Whether the presidential race just got a lot more entertaining or frightening is the question.
In true “the enemy of my enemy is my friend” fashion, New Jersey Gov. Chris Christie endorsed New York billionaire Donald Trump in the race to be the Republican nominee, and Florida Sen. Marco Rubio must be sweating more than is his wont.
The Jersey tough guy who gave Rubio such a hard time in that infamous GOP debate, throwing him off his stride before the New Hampshire primary, is joining forces with the front-runner Rubio grilled in this week’s debate face-off. In fact, Rubio mocked Trump with the charge Christie leveled at him — the repetition of talking points — though without the same devastating effect.
But right now it’s two against one.
On the one hand, this is serious business, this choosing of the man or woman who would lead America.

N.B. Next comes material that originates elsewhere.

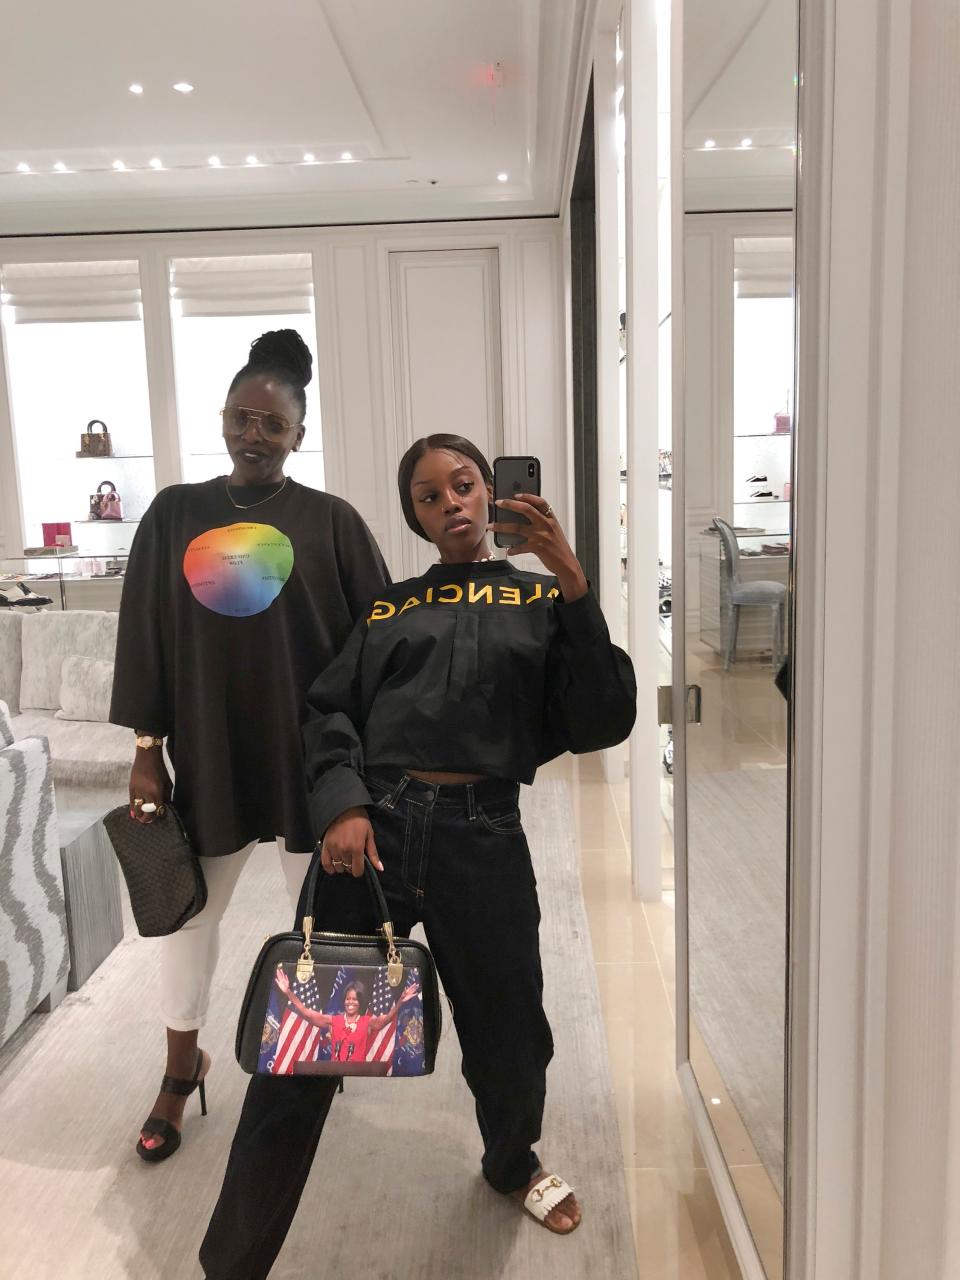 When mother wears Vetements and daughter goes for “big Mormon energy,” all bets are off.
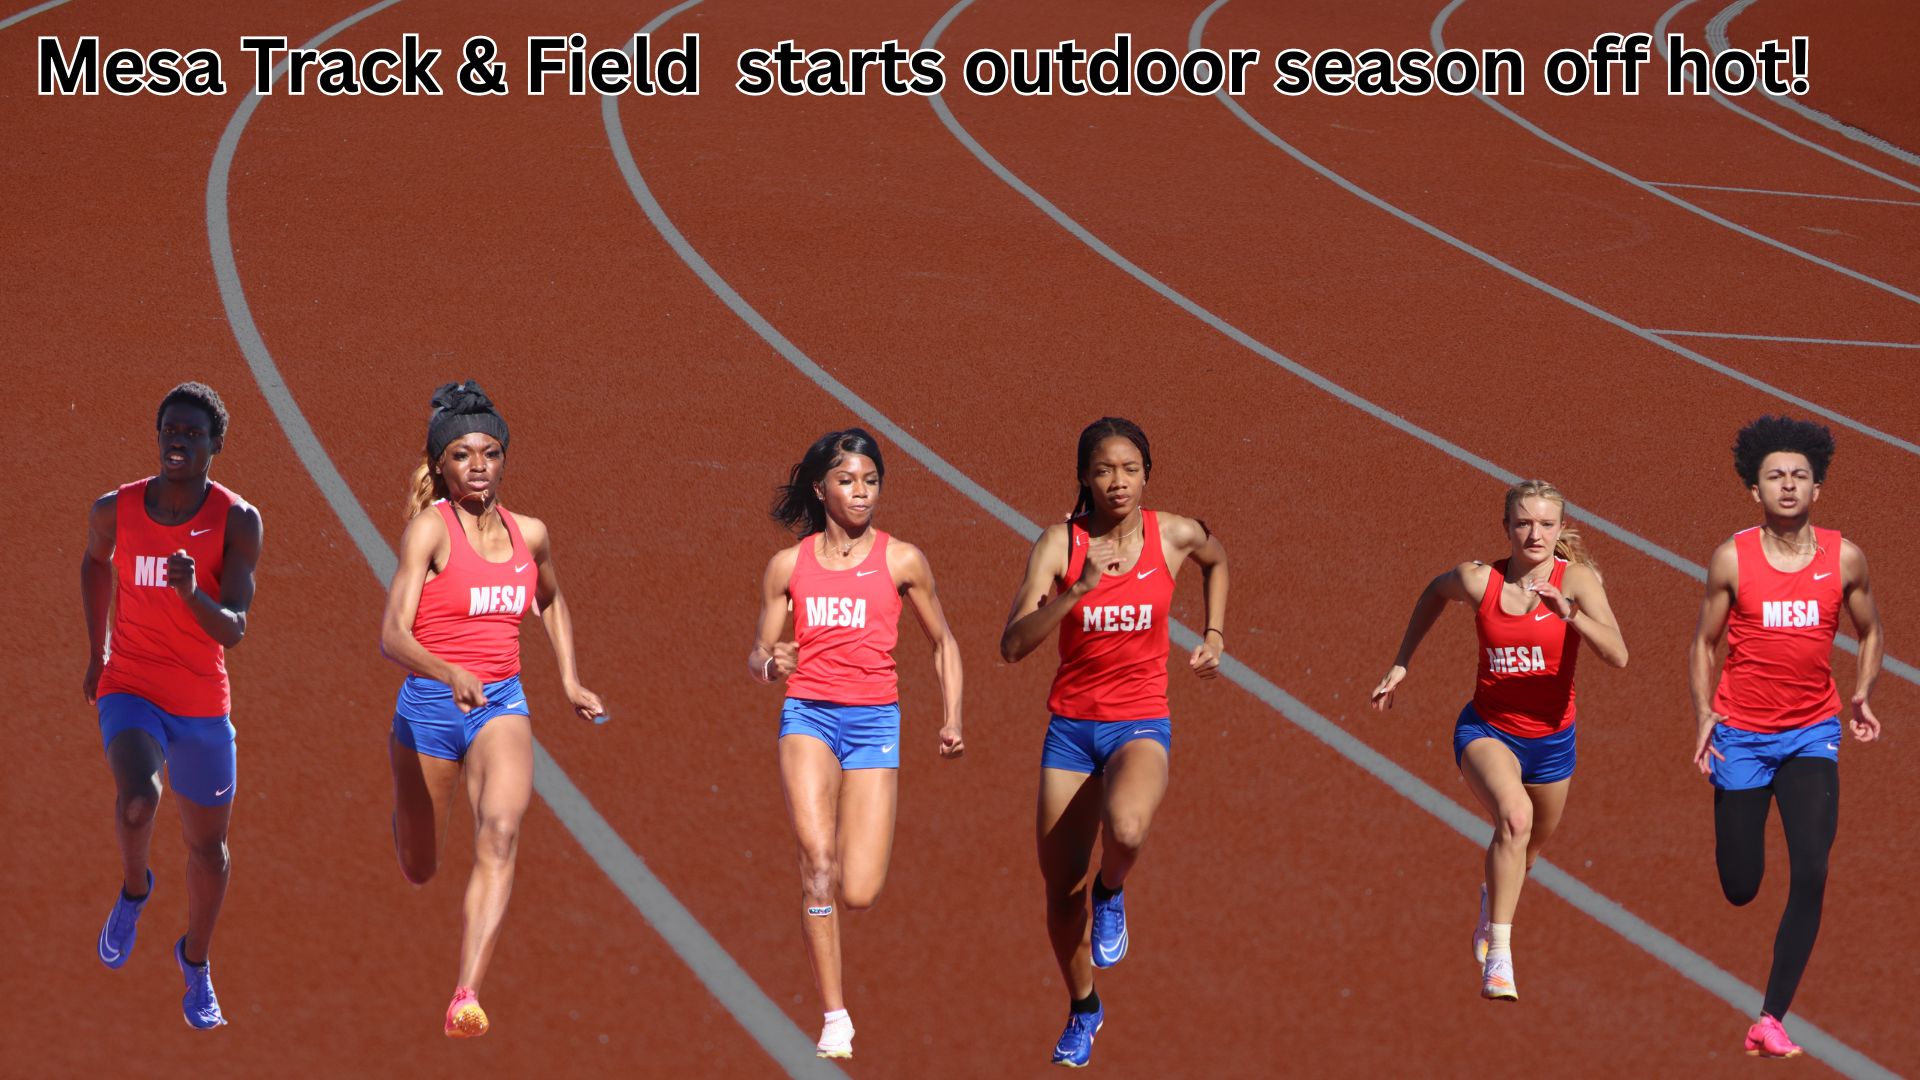 Mesa Track & Field opened outdoor season over the weekend

If it’s serious policy you’re looking for on immigration, taxes and national security, it’s already hard find it in GOP debates that inevitably descend into squabbling, carefully rehearsed punch lines and reams of opposition research cut down to occasionally manageable size.
With the insults that are sure to fly, good luck on that score from now through primary season.
On the other hand, grab the popcorn and watch. The only thing that would make this new partnership more riveting is if the broheims joined together on the Republican ticket, with Trump at the top and Christie as his henchman, excuse me, running mate. The egos might get in the way but a few beers and some arm-wrestling should settle things.
It could happen.
Remember back in 1992 when conventional wisdom said Bill Clinton and Al Gore together on the Democratic slate was too much — too Southern, too baby boomer, too “their wives look too much alike” thing? But the youthful pair and their respective partners fit the change-ready mood of a country. And it worked.
In 2016, what better team to represent the inchoate, loud, often confrontational anger gripping the country, evident at crowded Trump rallies across the country than a ticket just bristling with it?
Pity the poor heckler to confront a joint appearance by these two: What would Trump do to a protester at a Nevada rally? His answer: “I’d like to punch him in the face.” He also has said he could shoot someone in the middle of 5th Avenue and not lose voters. Christie, for his part, once told a post Superstorm Sandy heckler to “sit down and shut up.”
The governor, whose own hopes for the presidency died in New Hampshire, once decried the entertainment aspect of this year’s race and touted his own experience running a state. At the endorsement announcement, though, he mostly stuck to his admiration for the leadership skills of the businessman, real estate mogul and reality-show star, and Trump’s ability to take on the Democratic front-runner Hillary Clinton. It was mutual admiration at the Fort Worth, Texas, appearance, with Trump saying the two had been friends for years before throwing some insults Rubio’s way.
Politically, Trump and Christie, two Northeast survivors have been in agreement in their ebb and flow emphasis on social conservative doctrine, though both have recently moved more consistently to the right, and Trump’s past positions haven’t hurt him with evangelicals. (Another rival, Texas Sen. Ted Cruz, has been frustrated by that development.)
Right now, though, Rubio is the target. The Trump-Christie announcement stole the Friday spotlight from his “tough Marco” tour, feeling his oats as he basks in good reviews for his Thursday night debate hectoring of front-runner Trump. Was that performance too little too late as Trump leads in most Super Tuesday polls, and even in the upcoming primary in Rubio’s own Florida?
When Christie stumps for Trump, will voters be attracted or will it be too much of a brash thing? Will Trump and Christie succeed in bullying Republicans, Democratic hopefuls and the rest of America into submission?
Trump demurred when asked if Christie could be his running mate, but he didn’t rule it out. “He’s certainly got the talent,” he said of Christie.
And he’s ready to take that talent on the road.